Localization features are features related to position of a feature in the tissue section, spatial relationships of tissue objects relative to each other, relationship of image analysis features between tissue objects in the tissue section, and distribution of image analysis features within a tissue object. Location can be determined based on an absolute (x and y location based on pixel dimensions of image, μm from center of image defined by pixel dimensions of image) or relative (e.g., x and y position of cells relative to a tissue feature of interest such as a vessel, polar coordinates referenced to the center of mass of a tumor nest) coordinate system (e.g., x-y-z coordinates, polar coordinates). Location for specific image objects can be defined as the centroid of the object or any position enclosed by the object extending from the centroid to the exterior limits of the object.

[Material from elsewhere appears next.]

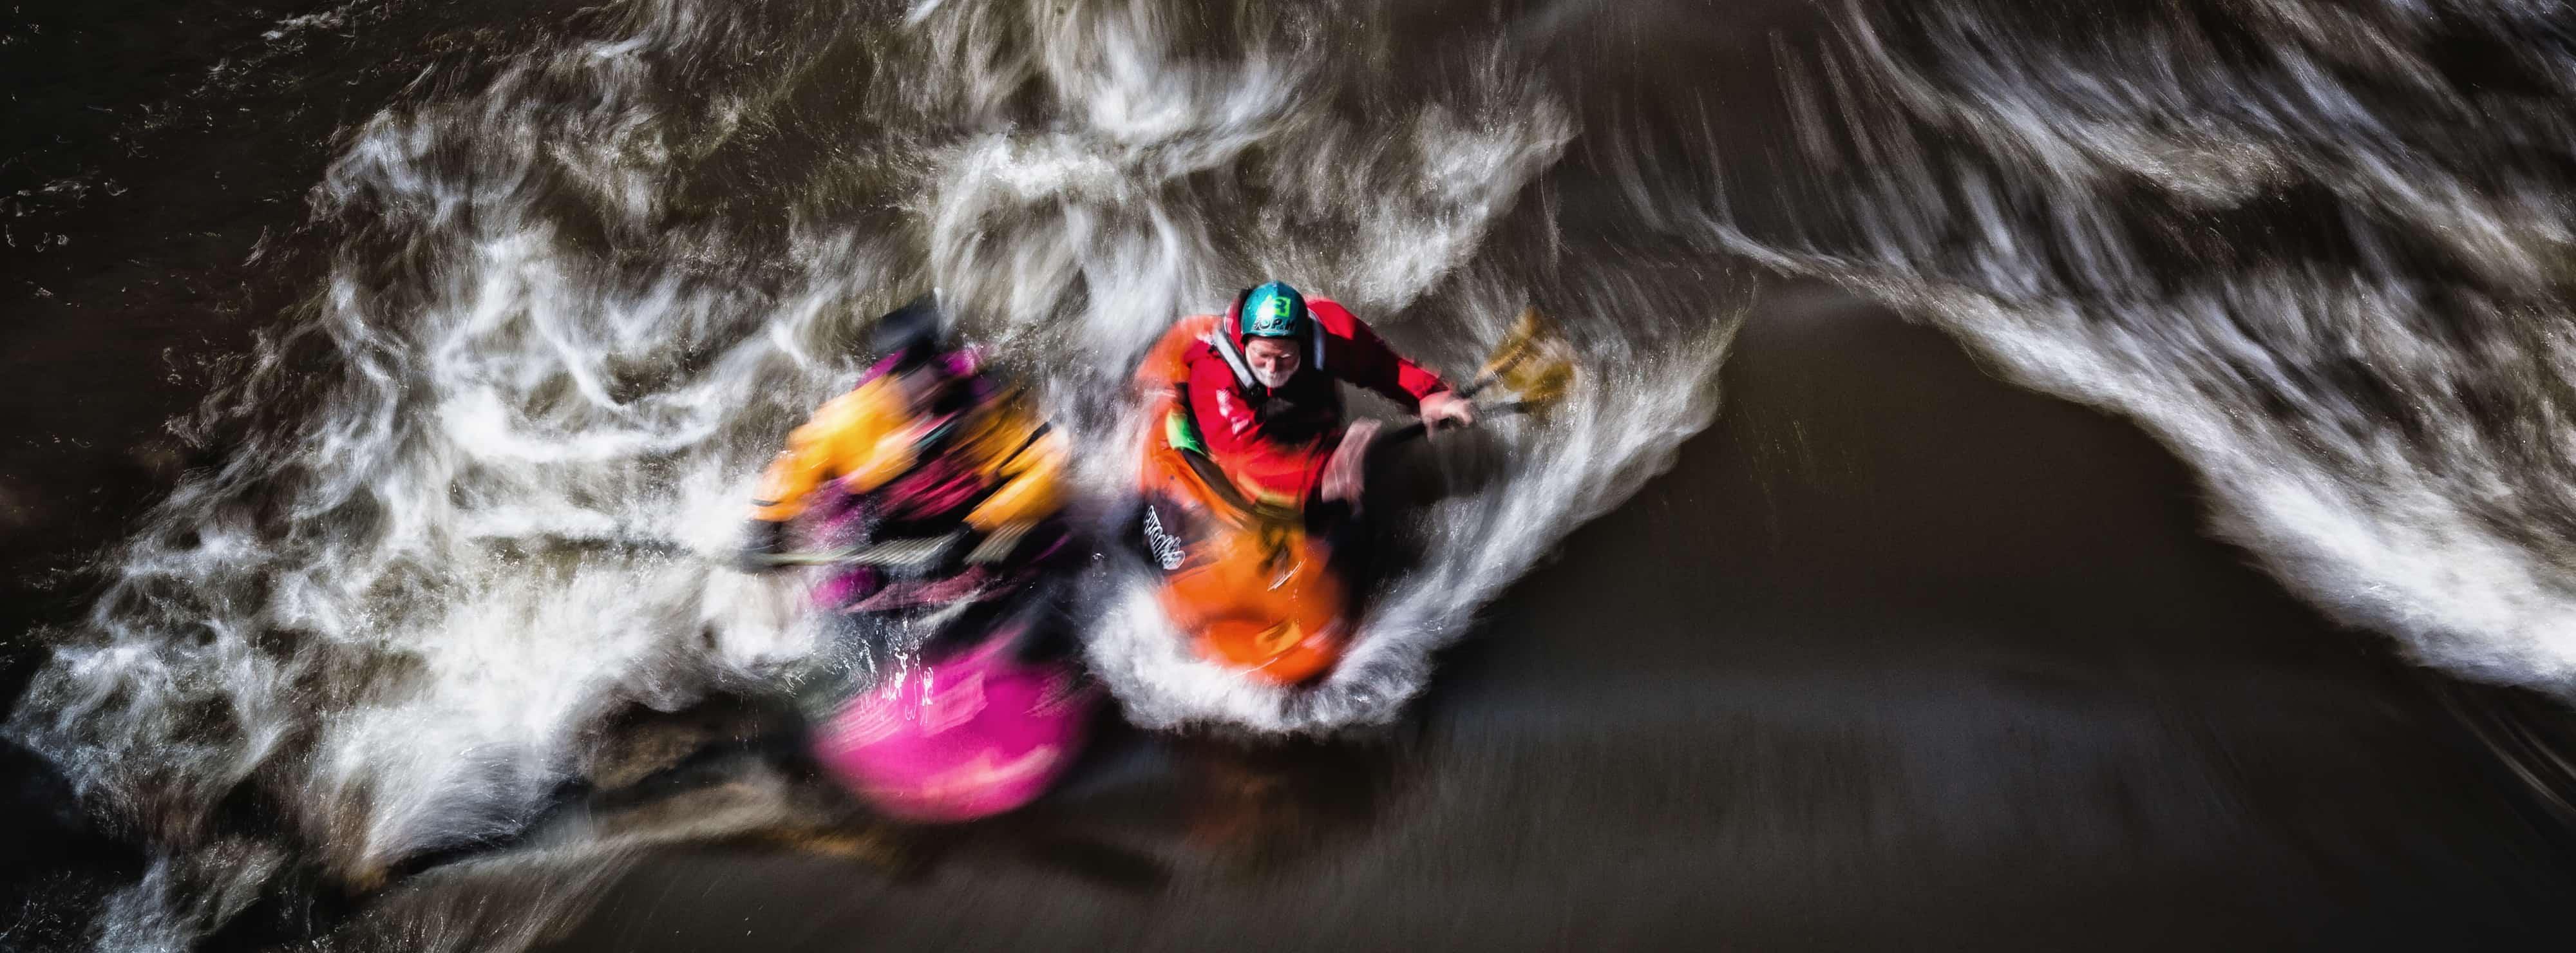 river-surf-wide

Neighborhood features are features related to tissue object morphology within a distance of an anchor tissue object, tissue object staining within a distance of an anchor tissue object, and morphology and/or staining between tissue objects within a distance of an anchor tissue object. For example, and not limitation, neighborhood features could be the average size or area of cells within 100 microns of an anchor cell or the quality or quantity of staining of cell nuclei within 500 microns of an anchor cell nucleus.
Staining features are features related to stain appearance, stain intensity, stain completeness, stain shape, stain texture, stain area, and stain distribution of specified IHC, ISH, and IF stains or dyes or amount of a molecule determined by MSI-based methodologies. Staining features are evaluated relative to tissue objects (e.g., average staining intensity in each cell in an image, staining level in a cell membrane, biomolecule expression in a nucleus).
In another embodiment, the cluster map can be a chart of data points taken from the feature cluster, a graphical representation of a chart of data points taken from the feature cluster, or a digital image of the feature cluster. The graphical cluster maps, the graphical representation, or the digital image, can be overlaid on top of the digital image of the tissue sample, or samples, such that the cluster map highlights the underlying tissue objects in the tissue sample.
In a further embodiment, the cluster map can be used to assign the tissue objects biological descriptions, such as a cell type, structural formation of cells, disease state, or features of clinical or anatomical pathology.
In another embodiment, the cluster map is used to calculate a score for each patient from whom the tissue samples were taken. This score is then used to determine the patient status for that patient. This can be performed both when the method is used for a single tissue section or for a plurality of tissue sections, such that how the cluster map is developed is agnostic to the determination of patient status for each patient.